Remember that the IRS will always evaluate whether a 501(c)(3) engaged in political campaign activity based on “all of the facts of circumstances.”  Messaging that might otherwise be considered permissible for a 501(c)(3) could still constitute campaign intervention if there is other evidence available to the IRS (such as a planning memo) indicating that it was motivated by a desire to influence the election.  Also, public communications that invite a comparison of an organization’s position on a nominee with the position of Trump, Biden or another candidate are more likely to cross the line than communications made privately to senators or Senate staff.

Of course, the types of advocacy that are permissible for a 501(c)(3) can be conducted as part of a 501(c)(4)’s social welfare “primary purpose” activity, and a 501(c)(4) is free to go further and engage in advocacy that would be 501(c)(3)-prohibited political activity so long as the 501(c)(4) is operated primarily to further its social welfare purposes.

Campaign Finance Implications for TV and Radio Advertisements

Organizations considering running television and/or radio advertisements advocating around the Supreme Court vacancy should also be aware of the Federal Election Communication (FEC) rules regarding “electioneering communications.”

An electioneering communication is a paid television or radio advertisement that that refers to a clearly identified federal candidate and is targeted to the relevant electorate within 60 days before a general election or 30 days before a primary election in which that candidate appears on the ballot.  Since we are within that 60-day window now, a television or radio advertisement that refers to a particular senator who is up for re-election and that runs in that senator’s state between now and Election Day would be an electioneering communication, as would a television or radio advertisement that refers to President Trump and runs anywhere in the United States between now and Election Day.

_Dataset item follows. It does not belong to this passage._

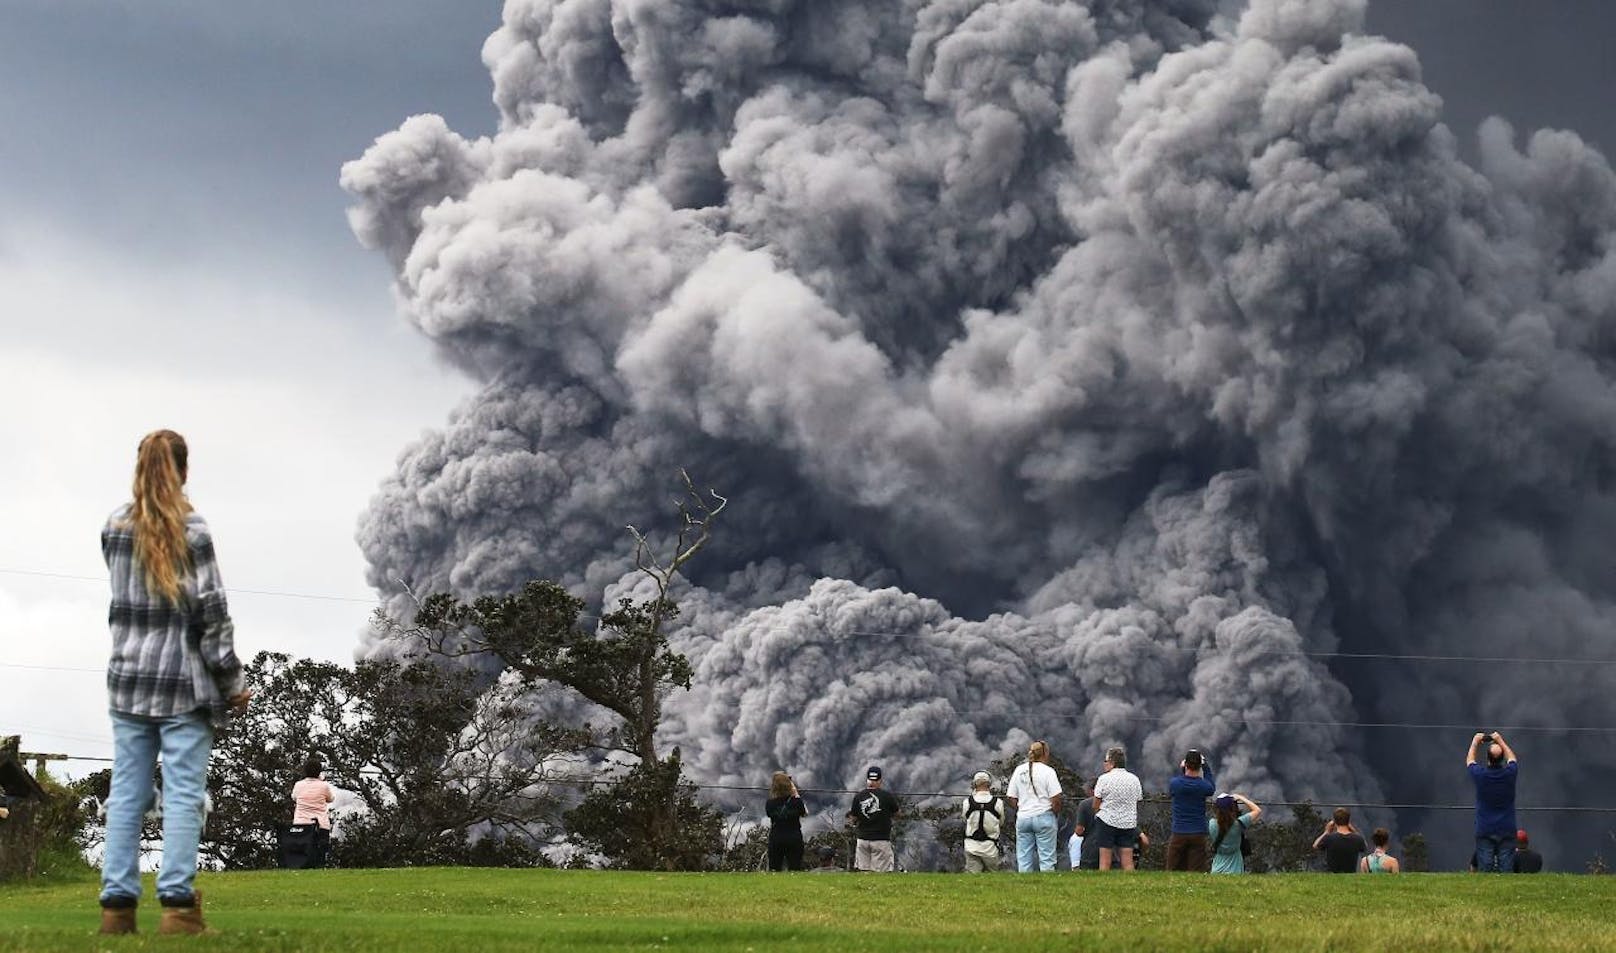 Wegen einer riesigen Aschewolke des Vulkans Kilauea haben die Behörden von Hawaii für die Umgebung erneut Alarmstufe rot ausgerufen.

Organizations making electioneering communications must include a special disclaimer notice on those communications and will be required to file time-sensitive reports with the FEC each time their spending on such communications totals more than $10,000. It is also important that for organizations not to coordinate their electioneering communications or any other public communications with any federal candidates or political party.

Note: The fact that a particular advertisement is an “electioneering communication” for FEC purposes does not necessarily mean it is a 501(c)(3)-prohibited political message, nor one that a 501(c)(4) must treat as non-“primary purpose.”

This publication is designed to provide accurate and authoritative information about the subject matter covered. It is not distributed with the intent to render legal, accounting, or other professional advice. The services of a competent professional should be sought if legal advice or other expert assistance is required.